I honestly don't know if I should do this or not but I fear that he won't, despite what he said. He will no doubt kill me but... Just glad I could find it.

This is the little piece that he wrote after Myfanwy didn't come back and the chick died. Although it doesn't appear to be about that, it is, believe me. He finds it very strange that it came out in French but if I remember correctly, he'd just finished 'Le ton beau de Marot' ('Marot's beautiful sound') which is about translation and the primary piece for the translation 'exercises', there are 88 different translations of the same poem into English, is in French so maybe that's why. The reason it's so odd is that he has tried to translate it into English but he says he can't. His e-pal Malcolm Goodson says nothing he sends him seems to work. It's almost as if the 'sounds' are part of what is being said, maybe like music. Using such simple words, French has the 'sound', English doesn't, MG says. His French isn't that wonderful so even if you don't speak the language, it shouldn't be too difficult with a dictionary to get the gist.
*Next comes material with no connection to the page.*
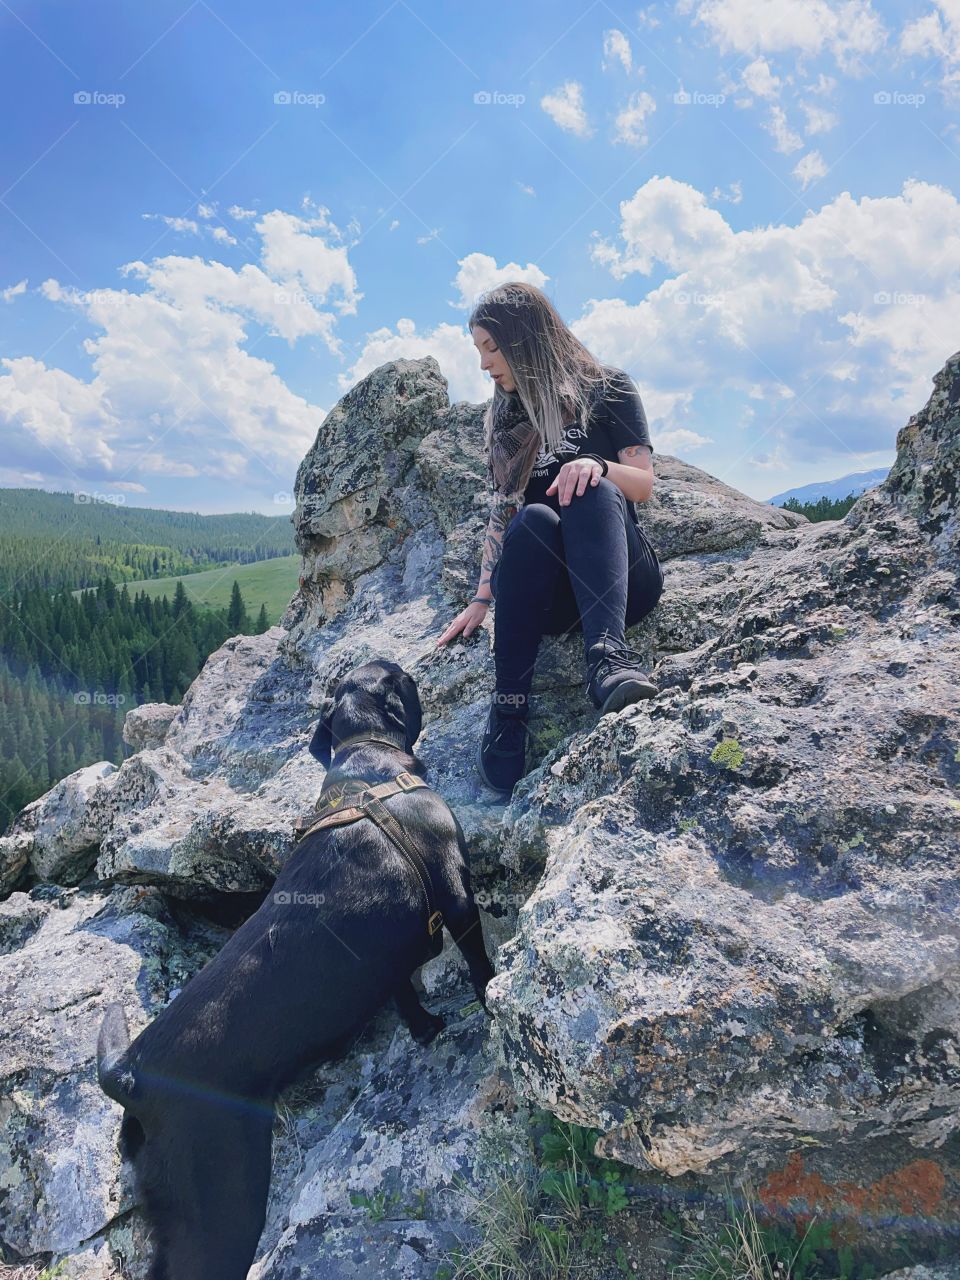 Selfie me girl rocks animal dog hiking sitting mountainside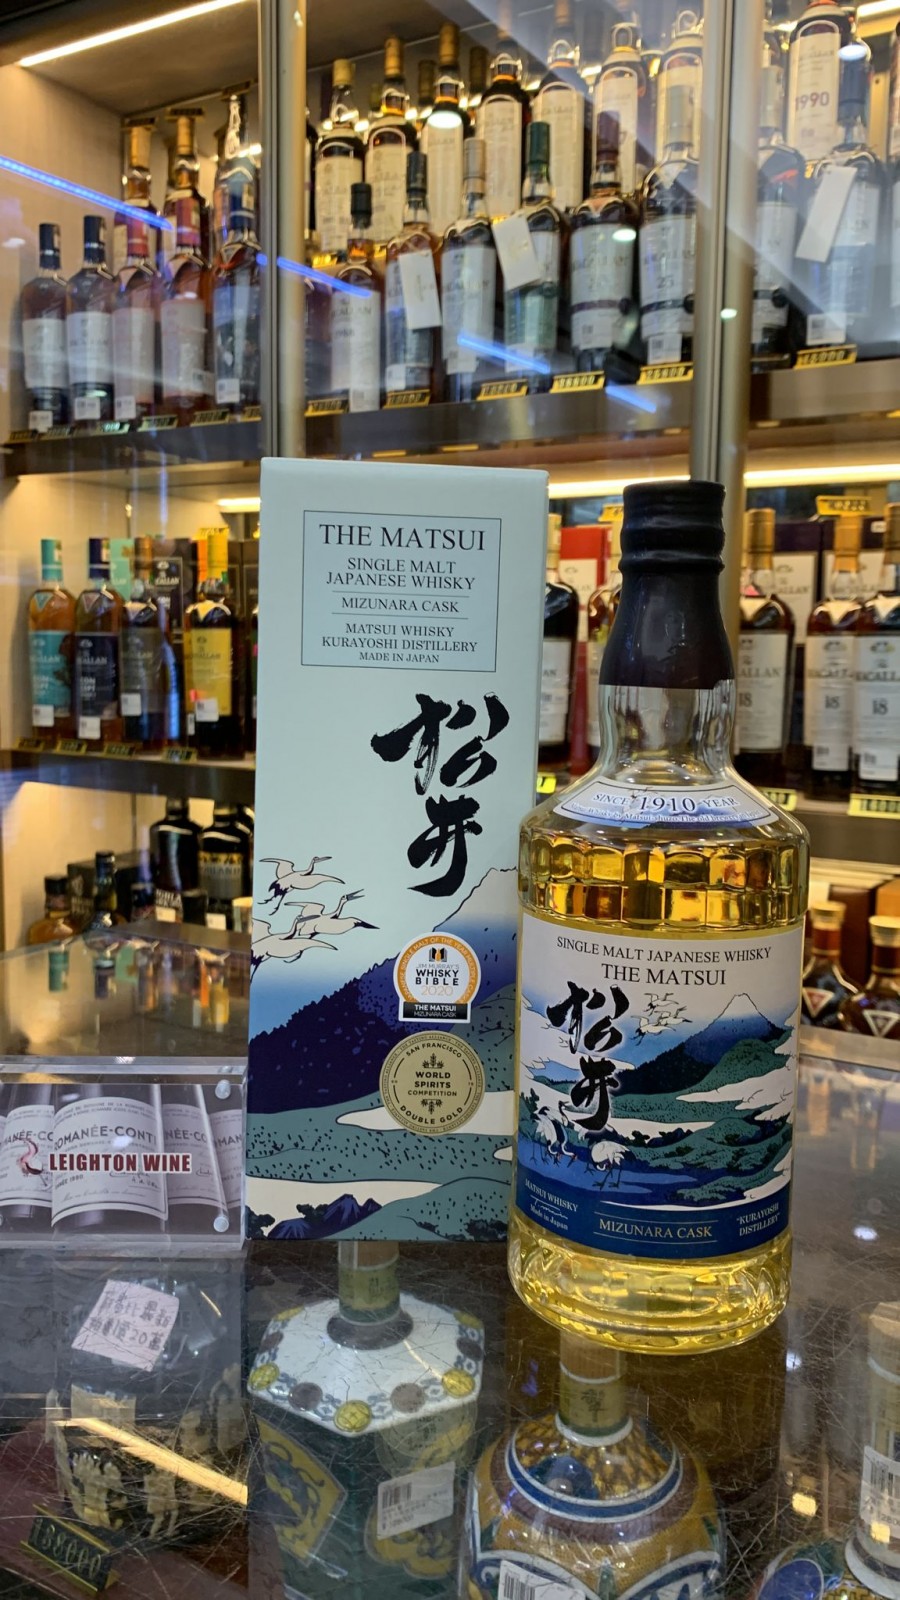 Matsui Mizunara Cask Single Malt Japanese Whisky 700ml

Oh and I should mention that a French novelist, Andre Malraux, wrote a book called 'La condition humaine', usually translated into English as 'Man's Fate' .

Homage a Andre Malraux

Tu l'aimes
Il te trompe
Tu souffres

En silence
Toute seule
Tu pleures

Tu l'aimes
Il te quitte
En silence

Tu sanglotes

Love
Lose
Hurt
Cry

C'est la condition
humaine

I don't know if he's going to post again before he goes back for more food for little Fricka. I hope he doesn't, this might stay up a little longer if he doesn't see it until he gets back :-).

1 comment:

  1. I don't know what to say here. I don't want to suffer. I have suffered immense pain in my life, including most recently, just days ago being a degree away from death. Though I don't fear death, I do fear pain. I once wrote a poem about pain. About not being afraid to feel the pain, because it means we are still alive, but now that I have (finally) lived life without pain, I don't want to live in pain any more. I don't really want to live a suffering life. I'd like to ease the suffering of others and rejoice with them, as well as have them rejoice with me.

    So, though Voltaire witnessed atrocities, though he was immersed in a world where those who were required by faith to act, never did, though man, often, through now fault of his own, has suffered, I don't beleive it is meant to be this way. There must be some way to find a little happiness- even if it is in the simple act of working and eating the fruits of that work.

    The problem I have with being atheist, is that in the end, I want to kill myself, because there is no reason. But if there is something else, then when I suffer, I can look up to that and know that there is hope. Not just for me. But for me to share. There must be something, even if it is just love- LOVE. To reach out to another human being, or an injured penguin, or a lonely bird and to give them aid or share whatever I have, which may not be much.

    I don't think Voltaire meant to leave us with a hopeless emptiness. Candide was a hopeful creature and one who meant well, who wished well for others, even poor Cunegonde. I think, if I was going to be anyone, I would be Candide. I'd learn from my mistakes and learn to be happy in simplicity and to appreciate the little things.